Alcoholism and Drug Addiction
eISSN: 1689-3530
ISSN: 0867-4361
Alcoholism and Drug Addiction/Alkoholizm i Narkomania
Current issue Archive Online first About the journal Editorial board Abstracting and indexing Subscription Contact Instructions for authors Publication charge Ethical standards and procedures
Editorial System
Submit your Manuscript
1/2025
vol. 38
 
Share:
Share:
abstract:
Original article

Beyond effectiveness: barriers and solutions for implementing brief alcohol interventions in primary care in Czechia

Michael Fanta
1, 2
,
Miroslav Barták
3, 4
,
Vladimír Rogalewicz
3

  1. Jan Evangelista Purkyně University, Faculty of Social and Economic Studies, Ústí nad Labem, Czech Republic
  2. Anglo-American University in Prague, Prague, Czech Republic
  3. Czech Technical University in Prague, Faculty of Biomedical Engineering, Department of Biomedical Technology, Kladno, Czech Republic
  4. General University Hospital in Prague, Department of Addictology, Prague, Czech Republic
Alcohol Drug Addict 2025; 38 (1): 1-14
Online publish date: 2025/09/20
View full text Get citation
 
PlumX metrics:
Introduction:
Brief interventions (BI) represent effective strategies for reducing alcohol-related harm, yet their implementation in primary care is challenging.

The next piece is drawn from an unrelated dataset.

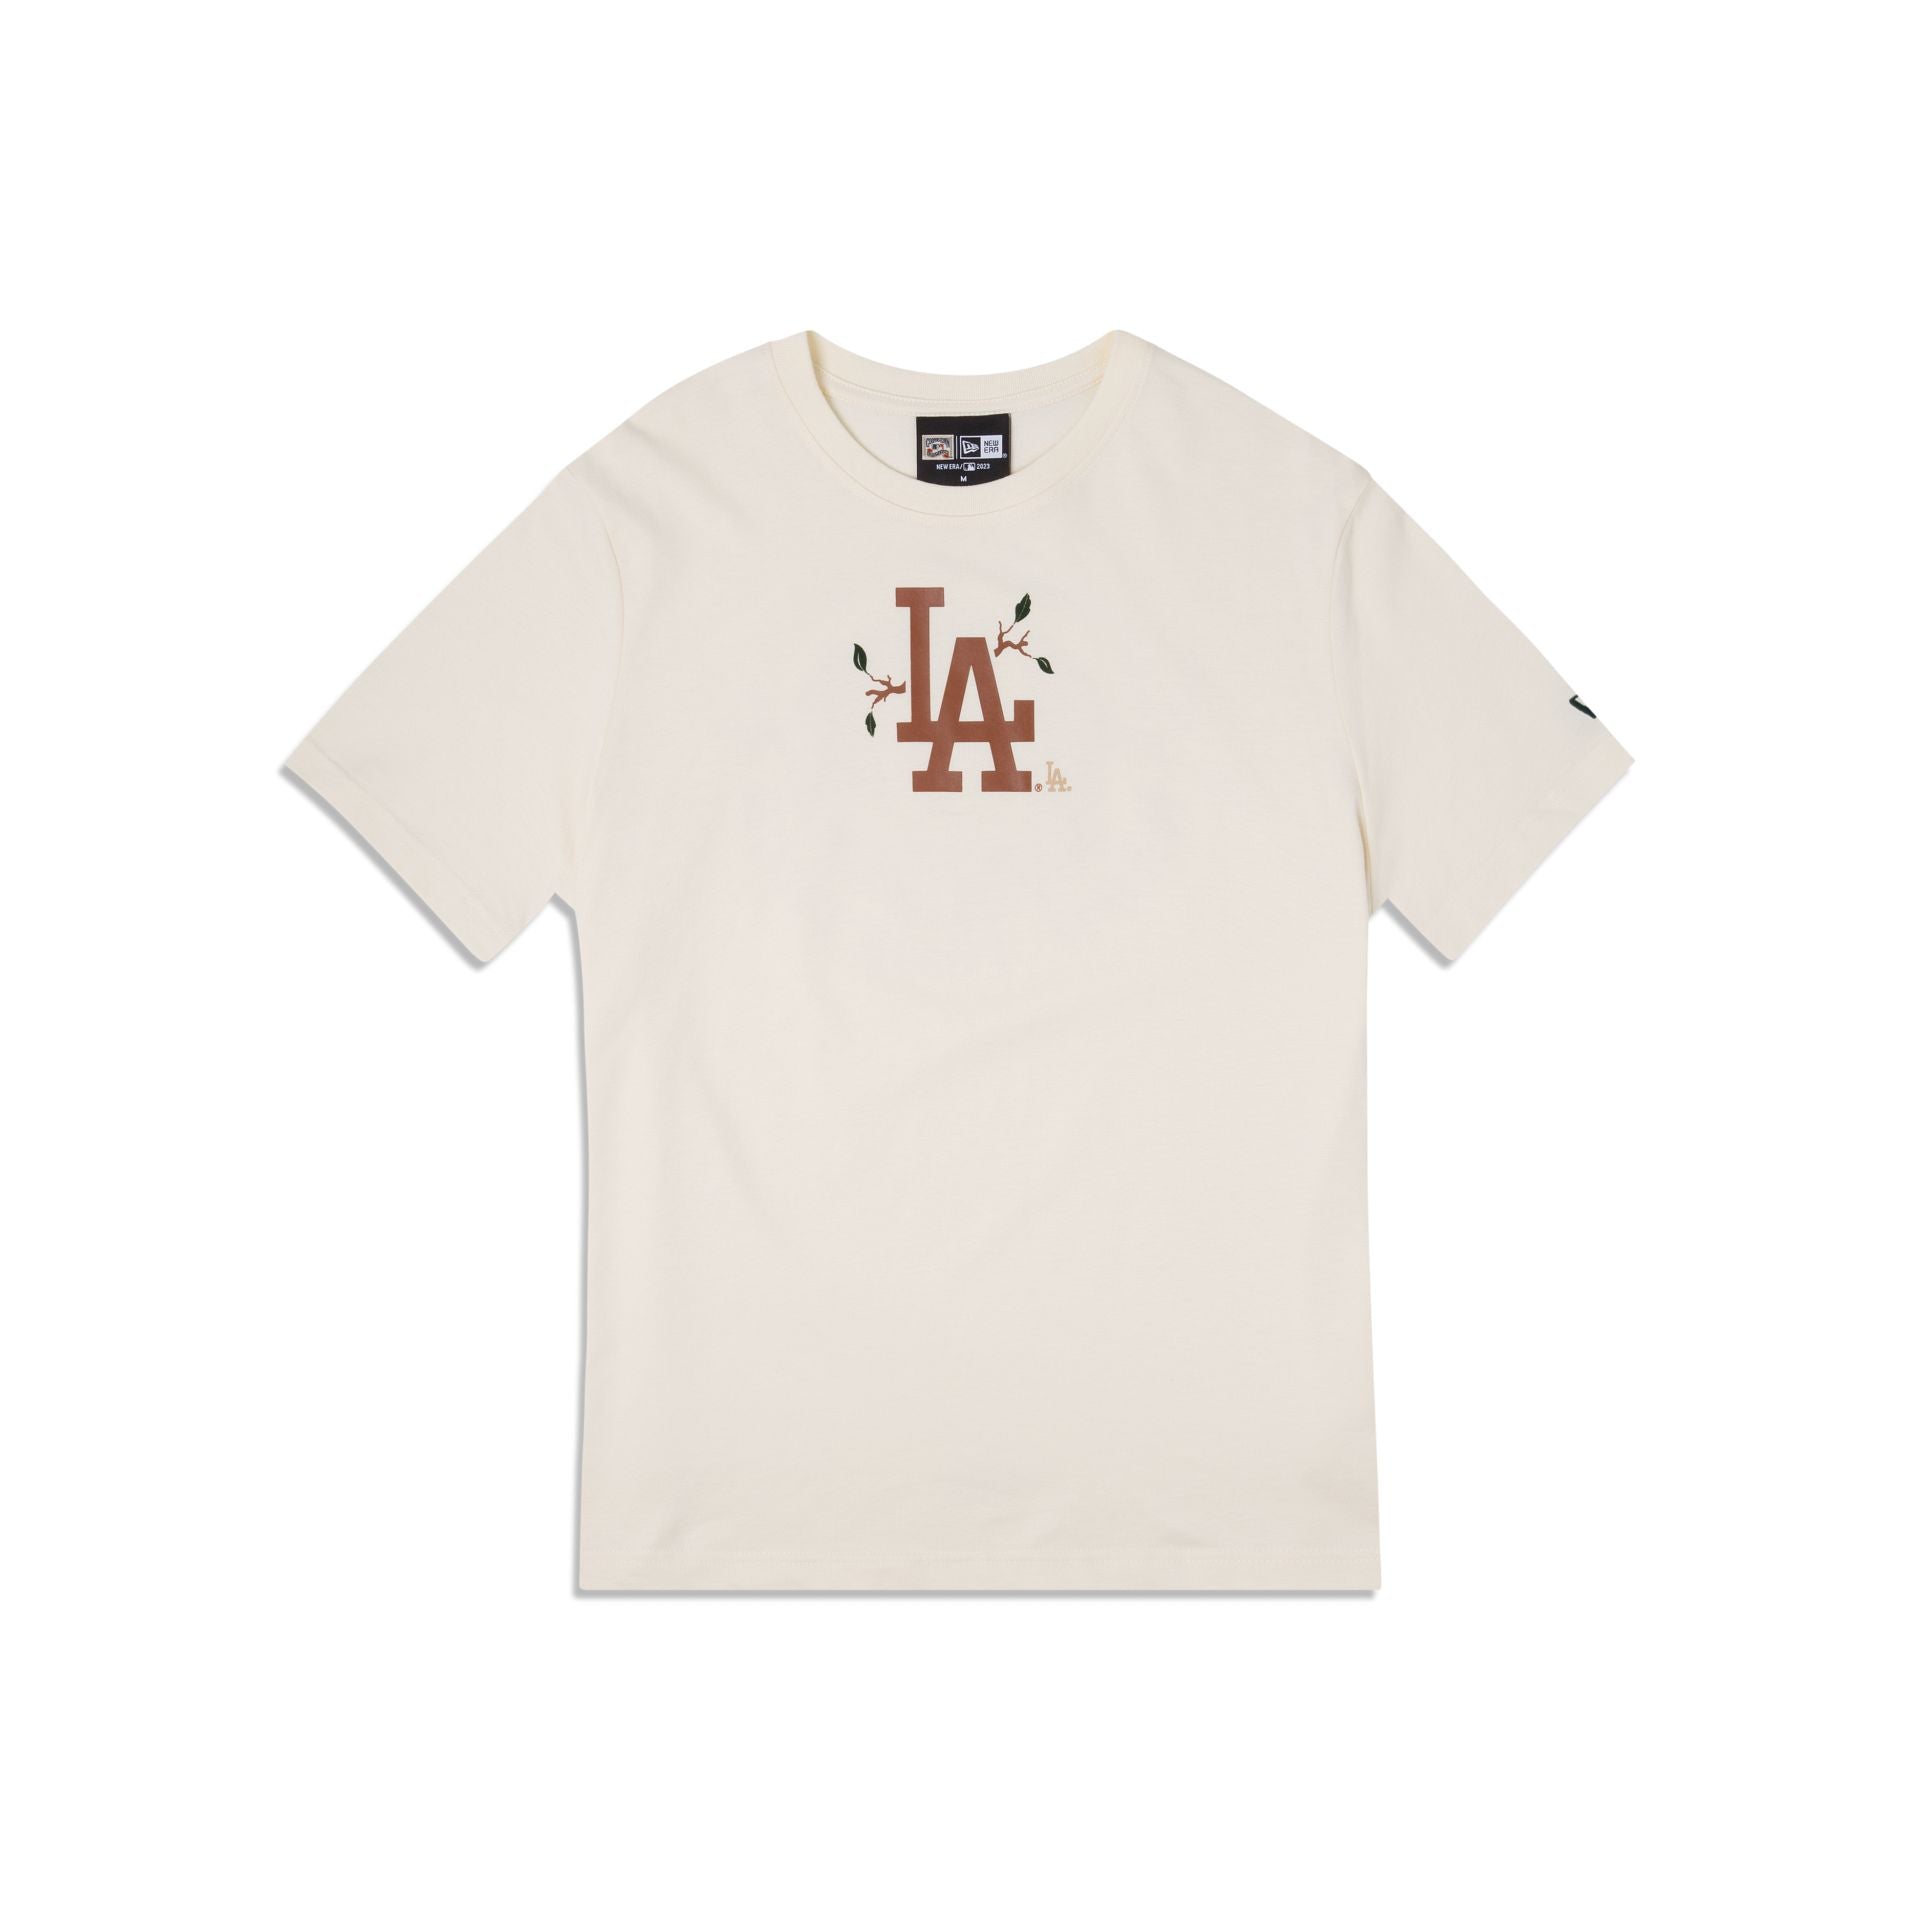 Los Angeles Dodgers New Era Women's City Connect Plus Size T-Shirt

This study aimed to assess general practitioners’ (GPs) perceptions of BI effectiveness, identify key implementation barriers and propose solutions for wider adoption.

Material and methods:
A modified two-round Delphi study was conducted among 20 Czech GPs. Participants were randomly selected from the national registry and invited for voluntary participation with inclusion requiring active BI delivery in clinical practice. They evaluated BI effectiveness across different risk categories, estimated time and cost requirements, and identified implementation barriers and facilitators. Consensus was defined as ≥ 75% agreement.

Results:
GPs reached a strong consensus on the effectiveness of BI particularly for high-risk drinkers (83%) and those at risk of alcohol dependence (89%). The stigma associated with alcohol use was identified as the most significant barrier (100%), followed by insufficient financial incentives (94%) and time constraints (72%). Despite these obstacles, 94% of GPs agreed BI is cost-effective. Key recommendations for improving BI adoption included targeted education (100%), digital screening tools (94%) and financial incentives (94%).

Discussion:
Although healthcare professionals in Czechia are required to assess patients for risky and harmful substance use where appropriate, BI are still not widely conducted. While GPs acknowledge BI’s effectiveness, organisational and financial issues limit its routine use. Strengthening interdisciplinary collaboration and improving BI accessibility through digital tools could enhance its impact.

Conclusions:
Addressing barriers to BI implementation requires systemic changes, including education, financial incentives and policy reforms. Without of measures of this kind, the potential of BI to reduce alcohol-related harm will remain underutilised in primary care.

keywords:

Alcohol, Brief interventions, General practitioners, Primary care, Czech Republic

Quick links
© 2025 Termedia Sp. z o.o.
Developed by Bentus.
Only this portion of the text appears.